Q1. Solve the following LP to obtain the optimal solution.

Maximize Z = 5X₁ + 3X₂ + 7X₃

S.T. 4X₁ + 3X₂ + 2X₃ ≤ 50

2X₁ + 3X₂ + X₃ ≤ 30

3X₁ + 2X₂ - X₃ ≤ 15

 X₁, X₂, X₃ ≥ 0

Q2. Solve the following LP (use Excel)

Minimize Z = 2X₁ +4X₂ + 3X₃

S.T. X₁ +4X₂+ 2X₃ ≥ 30

X₁ + 2X₂ + 2X₃ ≥ 25

X₁, X₂, & X₃ ≥ 0

Q3. Find the starting tableau for the following Transportation problem using Vogel's Method.

	D1	D2	D3	D4	D5		Q
S1	6	8	4	3	9		30
S2	4	3	5	7	4		20
S3	9	5	7	4	2		25
S4	7	4	6	9	5		35
S5	8	7	10	5	4		15
Q	20	30	40	30	30

Q4. Solve the following Assignment problem using the Hungarian Method.

	J1	J2	J3	J4	J5
W1	3	9	2	3	7
W2	6	3	5	8	6
W3	9	4	7	10	3
W4	2	5	3	2	4
W5	9	6	2	4	5

Q.5 Formulate the following problem as LP Model

A company produce 3 products a, b and c. the selling prices per unit are AED 142, AED 185 and AED 224 respectively.
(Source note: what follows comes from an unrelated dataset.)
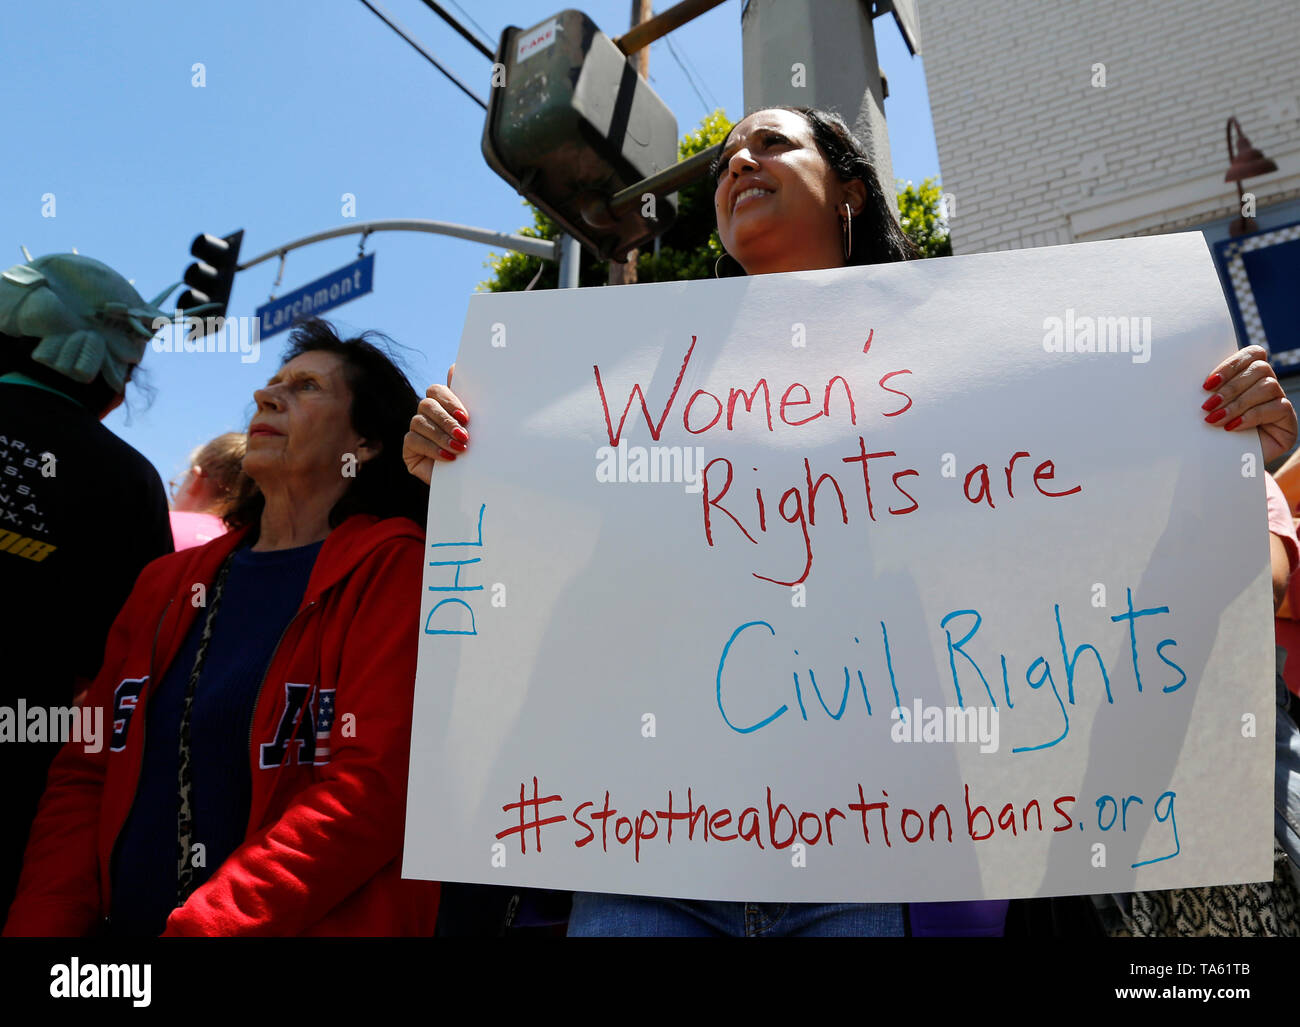 Los Angeles, USA. 21st May, 2019. People attend a rally in Los Angeles, the United States, on May 21, 2019. Dozens of rallies were held Tuesday in southern California's major cities to denounce the growing number of states passing restrictive abortion laws and demand women's rights in the contentious abortion issue. Credit: Li Ying/Xinhua/Alamy Live News Stock Photo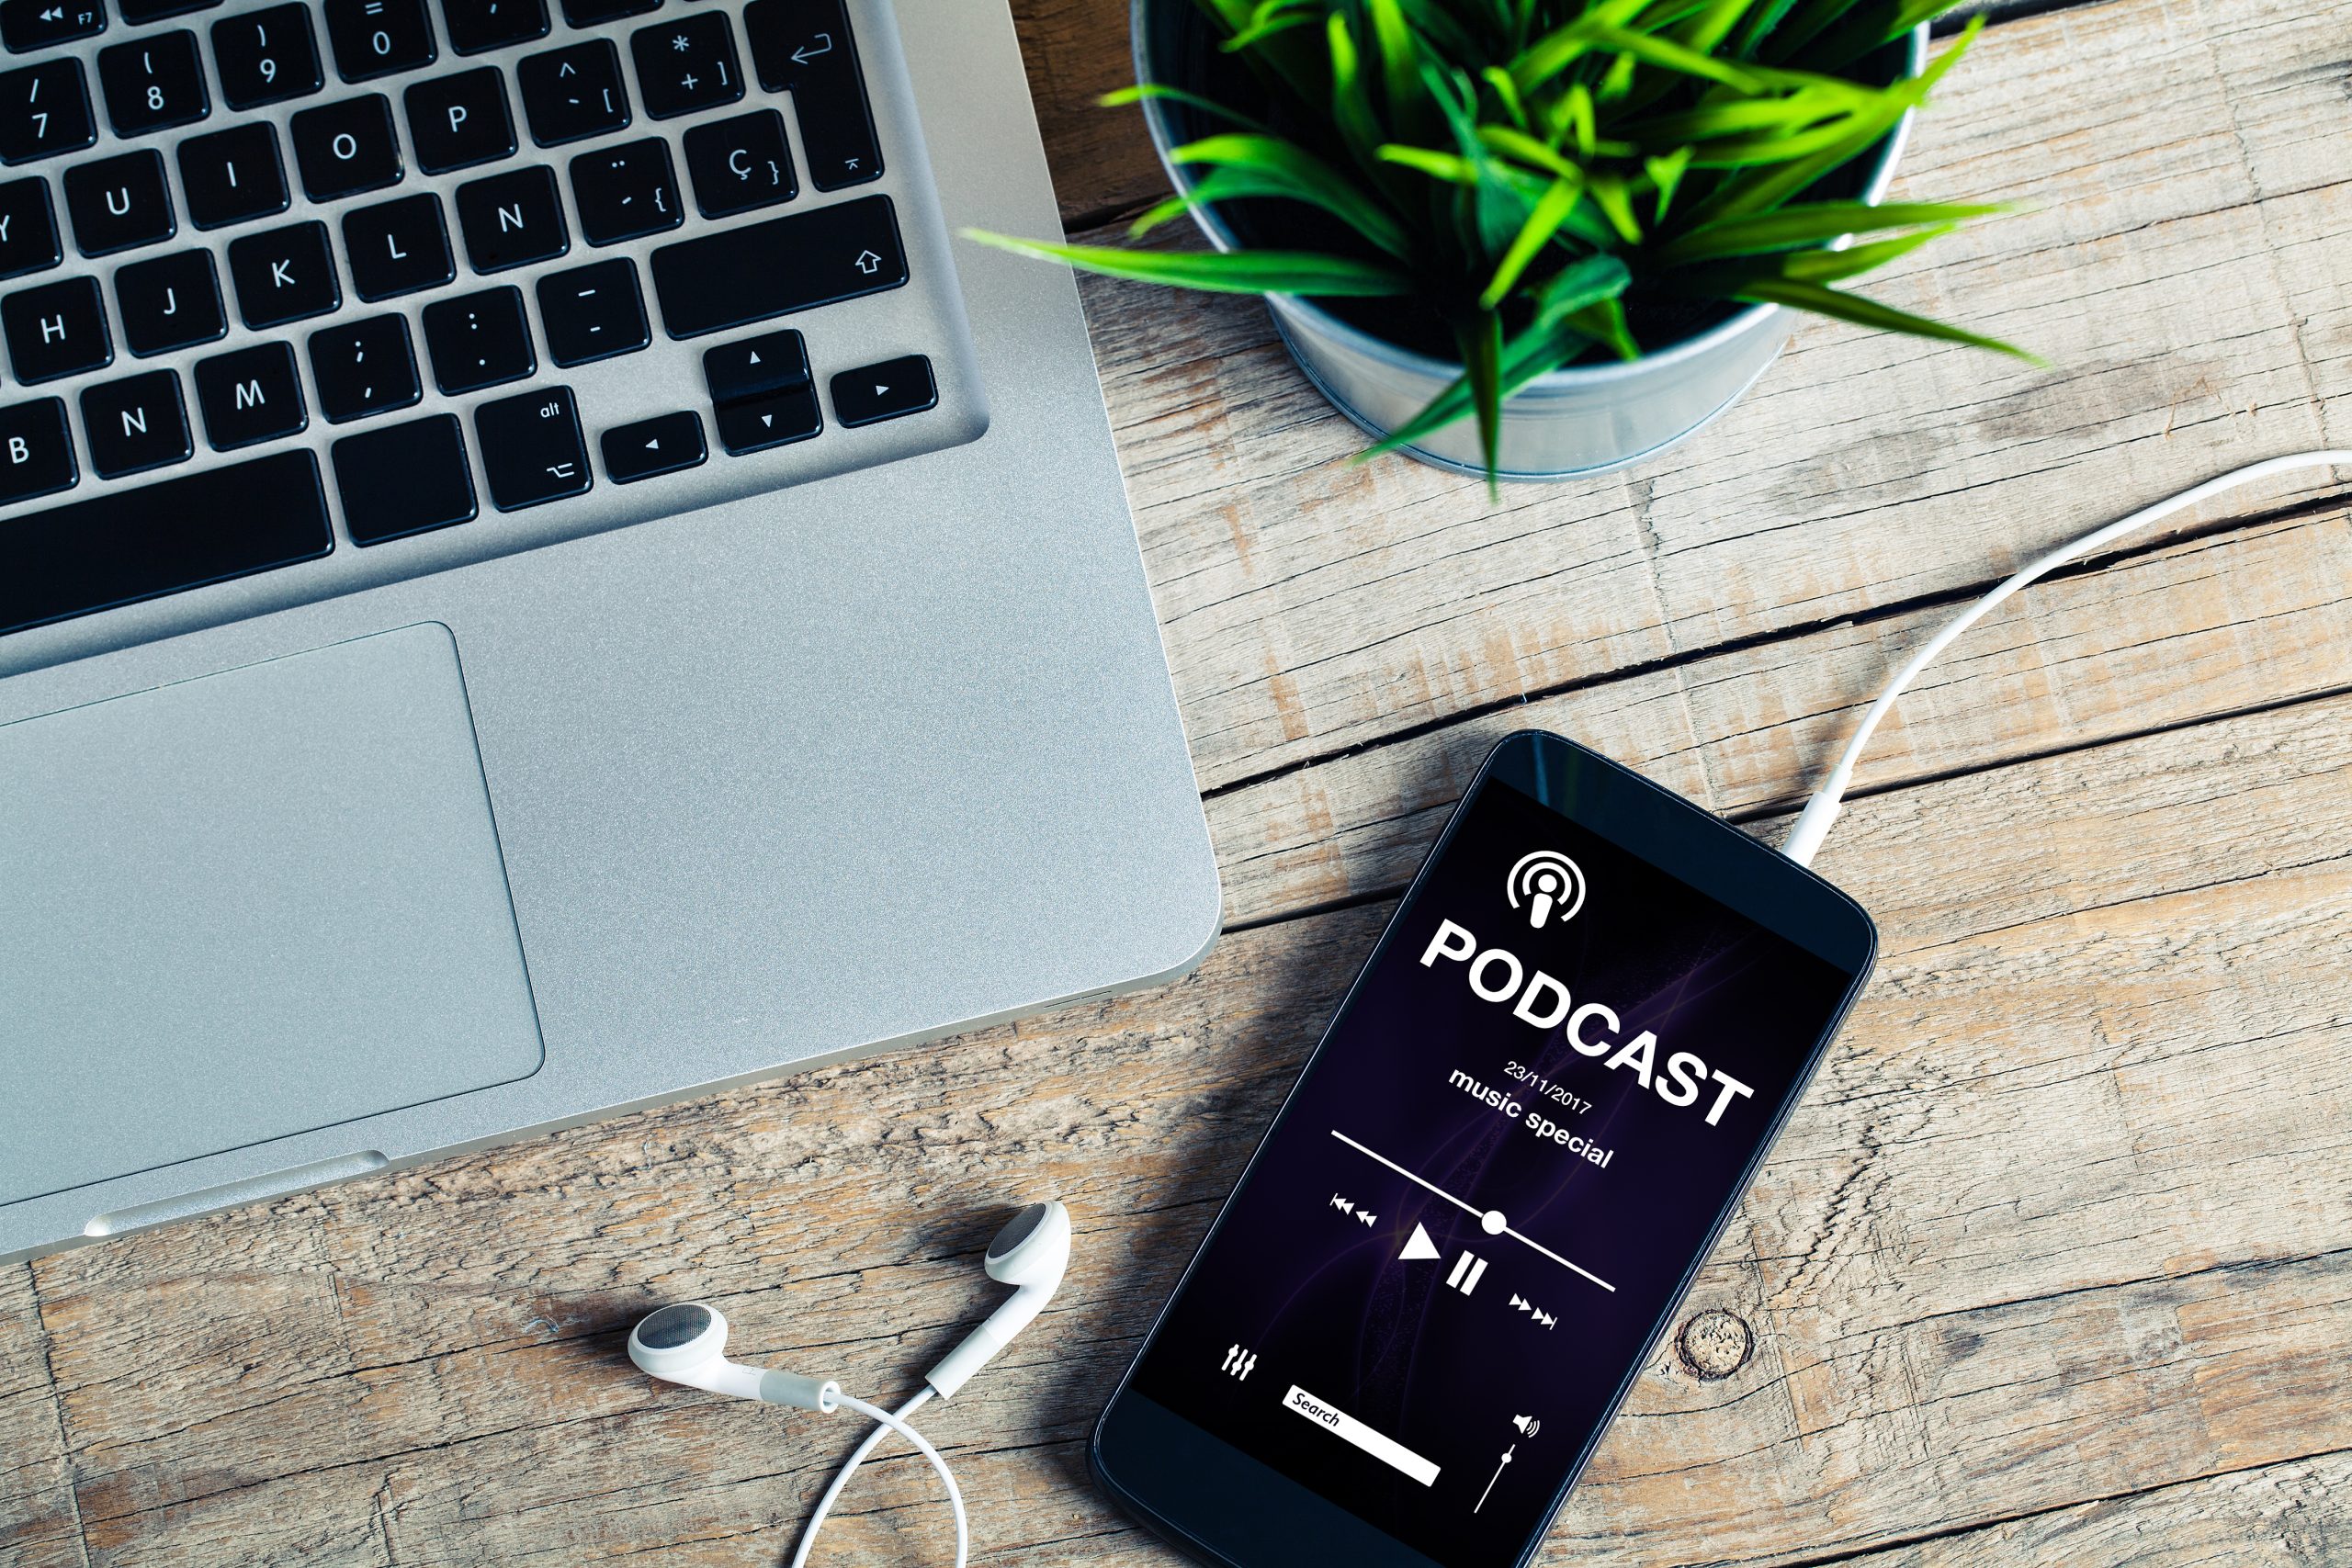 Podcasts on entertainment for seniors - Columbia Pacific

The maximum demand for the 3 products are 250, 140 and 60 unit per week respectively. For the manufacturing of these products four types of raw materials are required. The prices of raw materials, the raw material units needed for each product type and the corresponding available quantities per week are included in the following table:

 

RM	PM Cost	RM per unit of Product			Available RM
	AED/Unit	a	b	c	Units/Week
1	10	2	3	5	1000
2	12	3	2	4	1200
3	5	4	3	3	1500
4	6	1	3	5	900

The company's goal is to determine the quantities of each product which should be produced in order to achieve the highest profit. Define in detail the decision variables and form the objective function and all constraints of the problem.